Clare White, meanwhile, was identifying indicators & data to add on, such as life expectancy, income, etc.
Keith Alexander was turning life expectancy into another RDF with area codes as unique URIs, with a view to match to codes from other area using geocoding.
Martin Moore was also tracking down data; Mark Bentley tracked down PCT and SHA populations; and I used my Twitter network to find other sources, while using advanced search techniques to track down a range of NHS data websites (there are, it appears, a lot), including earnings data and translations of industry jargon. Andrew Mackenzie actually used a telephone, calling people at West Midlands Observatory, getting contextual information and leads for NHS data, and working out ONS subgroup area codes & ONS group areas.
If that paragraph has not completely geeked you out, you’re doing well.
I bookmarked most of the data sources I found at http://delicious.com/paulb/data+health. Here are just a selection:
- Online GP practice results database
- Health Poverty Index allows you to compare poverty indicators in 2 different areas (click on ‘Tabled data’ on the left to get it in more scrapable form).

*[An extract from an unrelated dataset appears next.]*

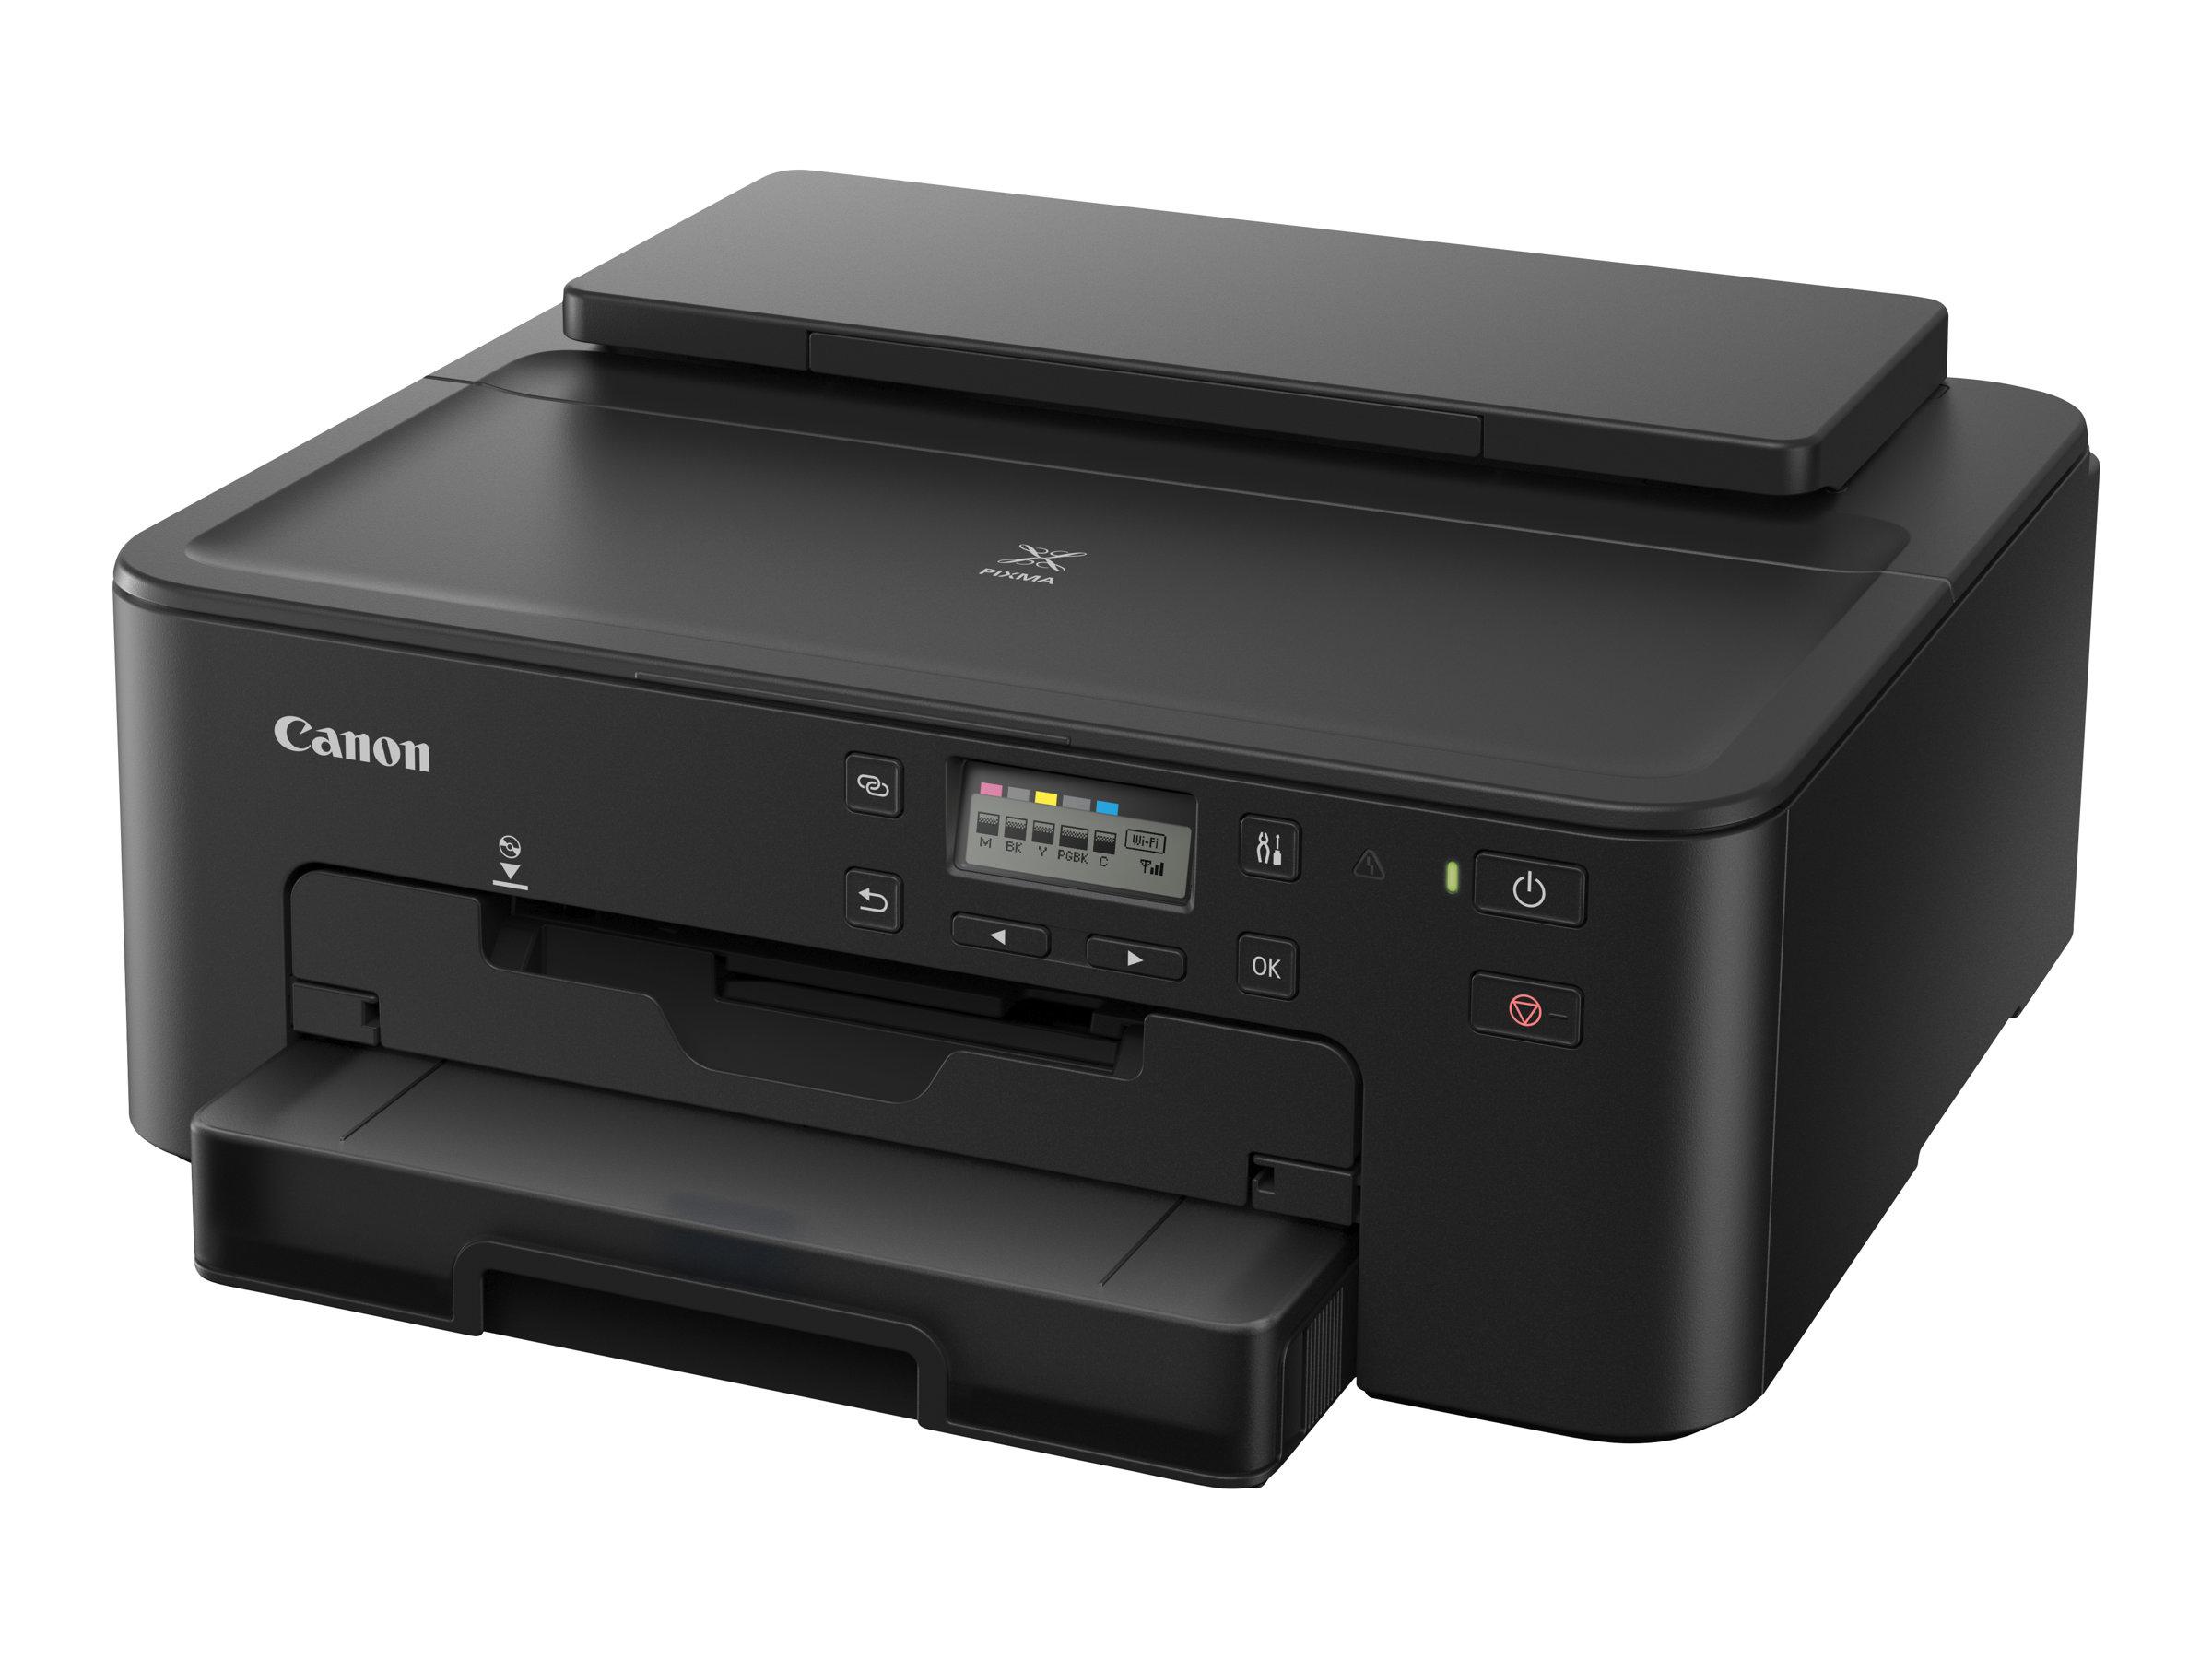 Canon PIXMA TS705 - Drucker - Farbe - Duplex - Tintenstrahl - A4/Legal

- NHS Comparators allows you to look at differences in referral and access rates at various levels including GP practice but requires you to register – Andrew Mckenzie found that it would be a week or so before that was processed.
- Hospital episodes statistics (HES) and
- NHS Choices API
- West Midlands Public Health Observatory
By the end of the day we had a national map of all 8,000 GP practices (the first 1,000 shown in the image above) – quite an achievement in itself, but not headline-grabbing yet. To give us an editorial angle for the end-of-day presentations, Rob searched for a spreadsheet of mental health prevalence and came up with the headlines that Manchester was the most ‘phobic’ place in Britain, and the Isle of Wight the least.
The next step would be to add GP population information (taken from an FOI response on What Do They Know) and Quality and Outcomes Framework data (scraped from the GP practice results database). There may be ways to match results from the GMC database of medical practitioners to practices too, while FOI requests could add more specific information, and I’ve since been sent links to other potentially interesting datasets.
The Scraperwiki blog gives more detail on what the other projects produced – all of them were hugely impressive. Andy Brightwell blogged about their leisure data project – which “hoped to find out more about the relationship between population density, deprivation and the provision of leisure facilities” here. And Michael Grimes has created a page using HTML5 to visualise how the majority of the cancelled Building Schools for the Future were in Labour-controlled areas.
Both links provide further insight into the possibilities of data journalism in just one day.
Thankfully, it’s not going to be just one day. Podnosh have already organised a Speed Data event, and there are further hack days planned for Birmingham – specifically around health – by Talis and NHSlocal.